──────── COLLECTED DATA

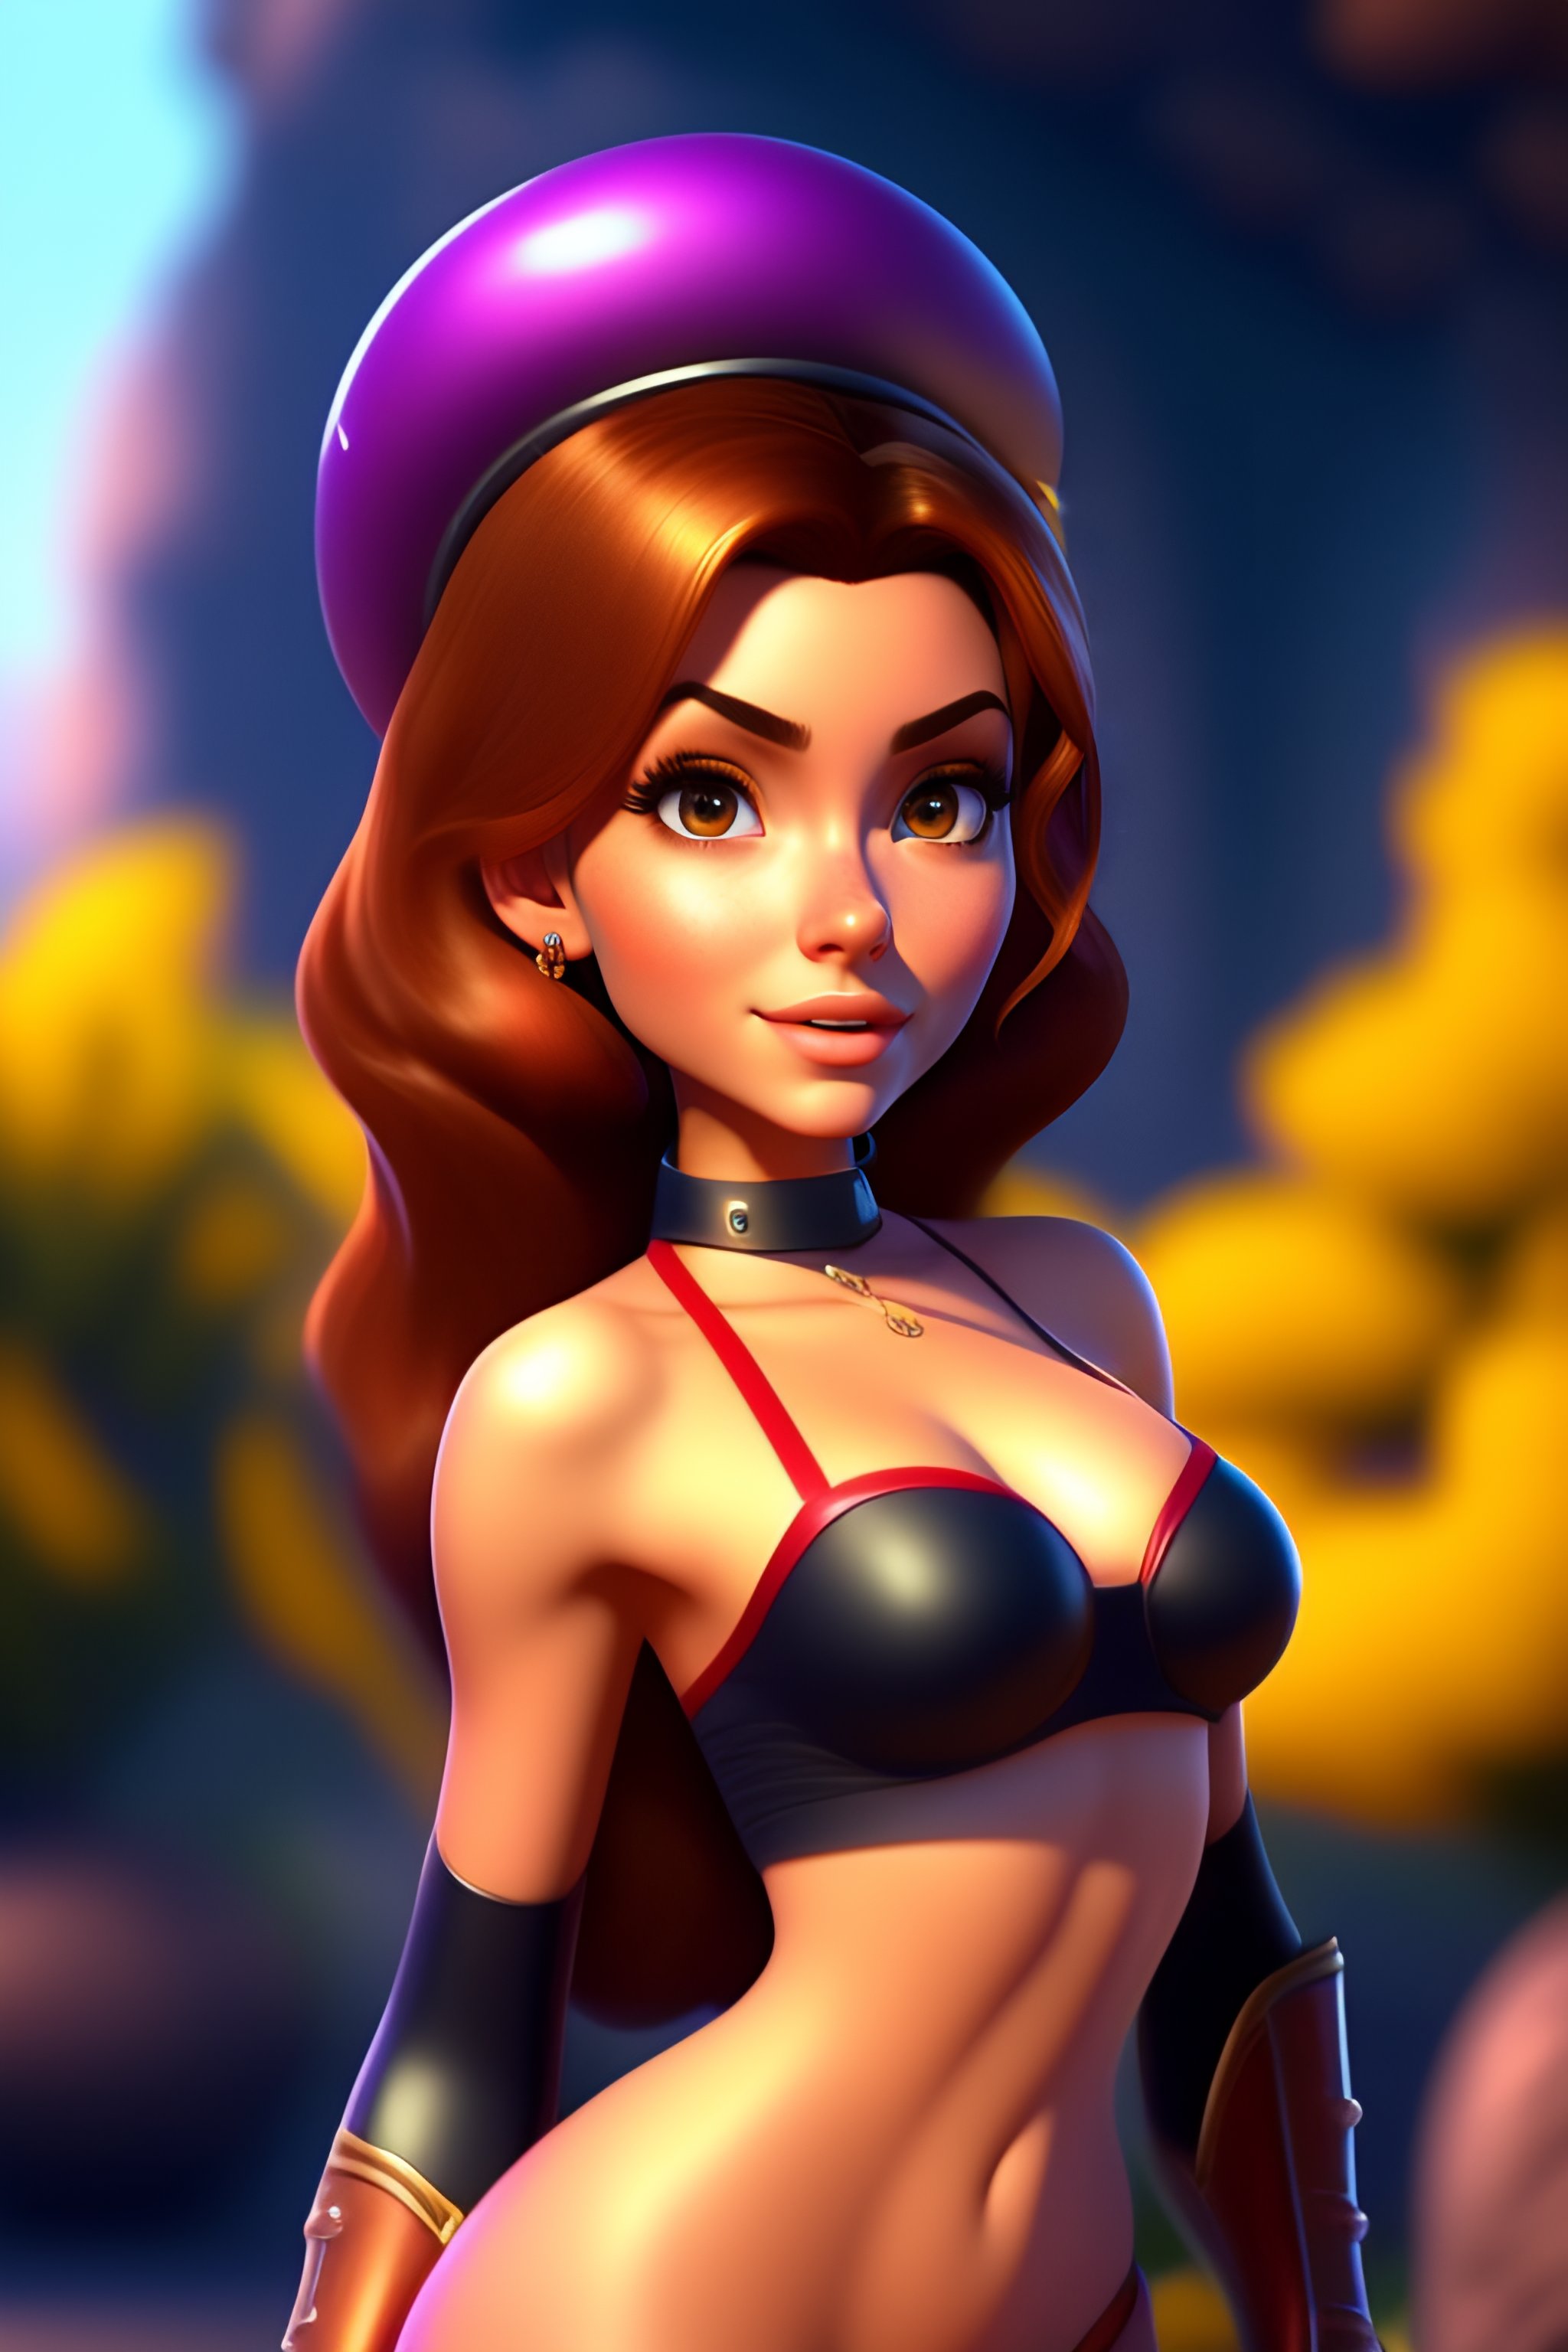 Lexica - Very hot girl, without bra, without pan, pixar style, 3d
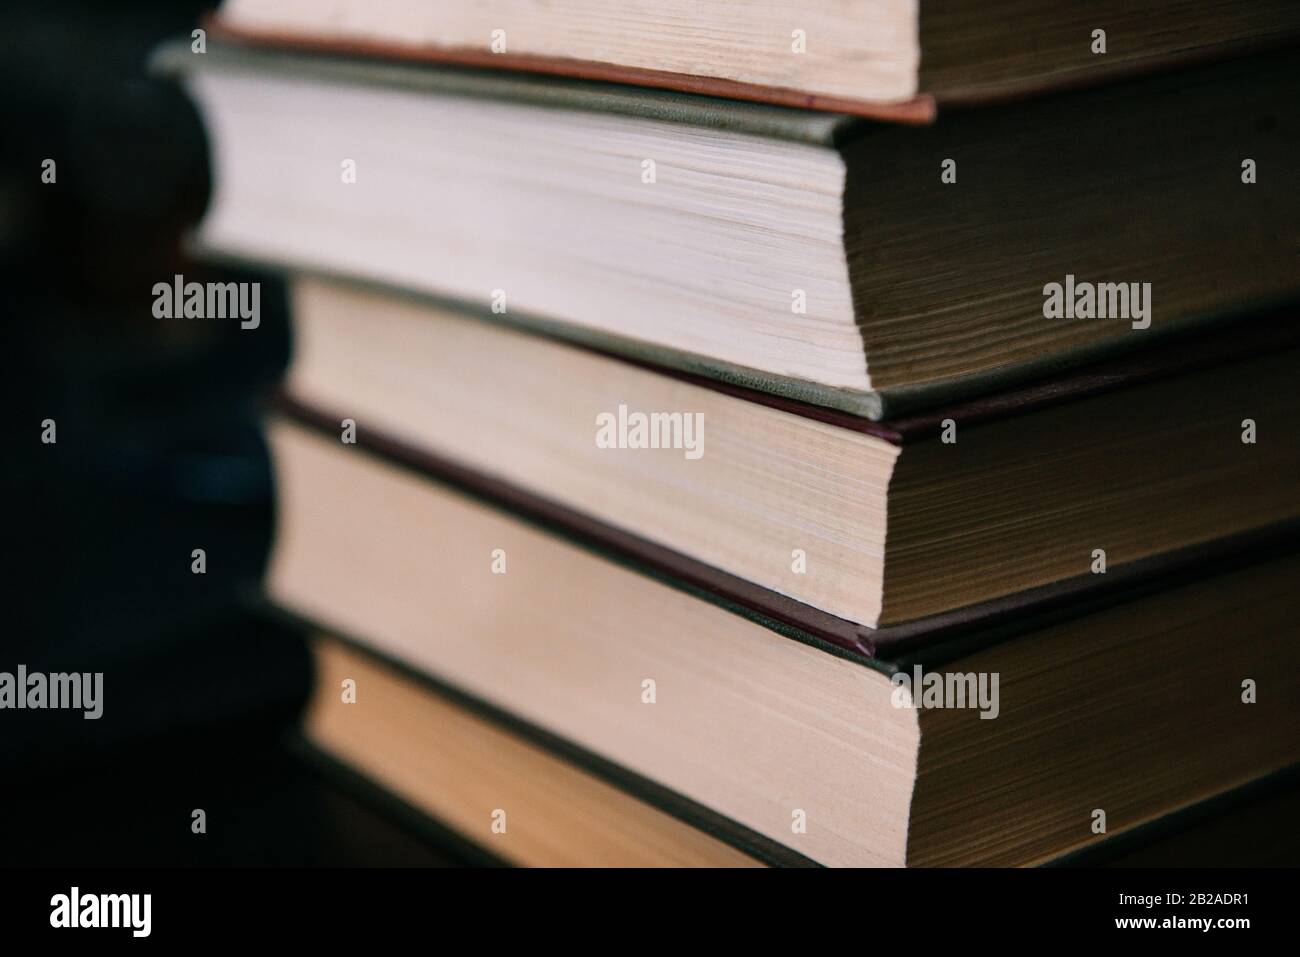 Close-up of a stack of hardback books Stock Photo
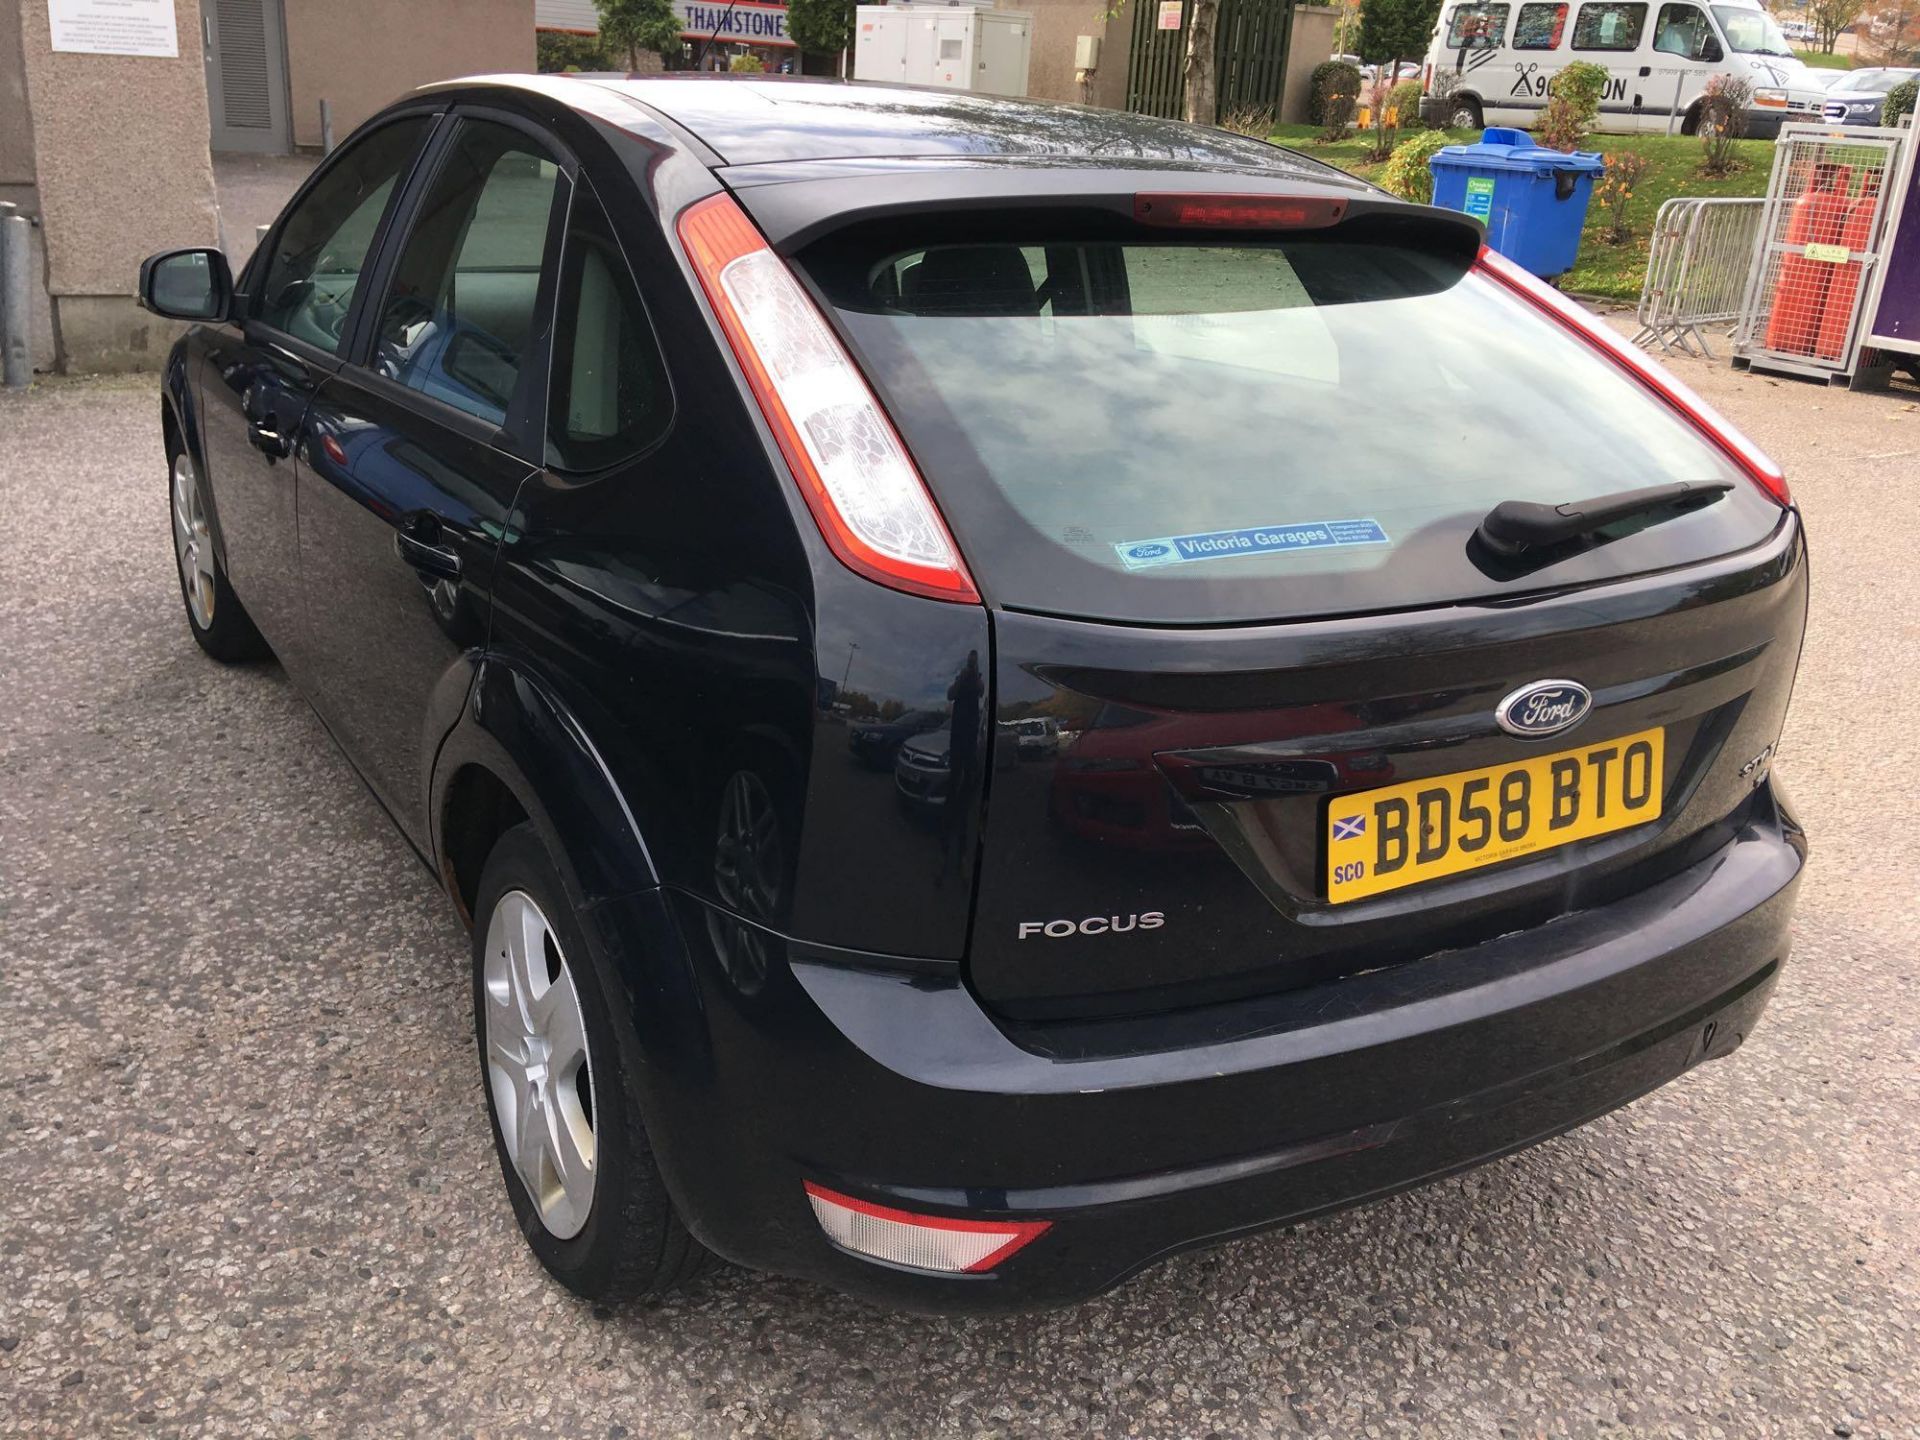 Ford Focus Style 100 - 1596cc 5 Door - Image 2 of 2

────────────────

- WHAT TO WORK ON -
Copy out the material exactly as it stands, though no picture should appear in the copy.

- PROBLEM SOLUTION -
 Lexica - Very hot girl, without bra, without pan, pixar style, 3d
 Close-up of a stack of hardback books Stock Photo
 Ford Focus Style 100 - 1596cc 5 Door - Image 2 of 2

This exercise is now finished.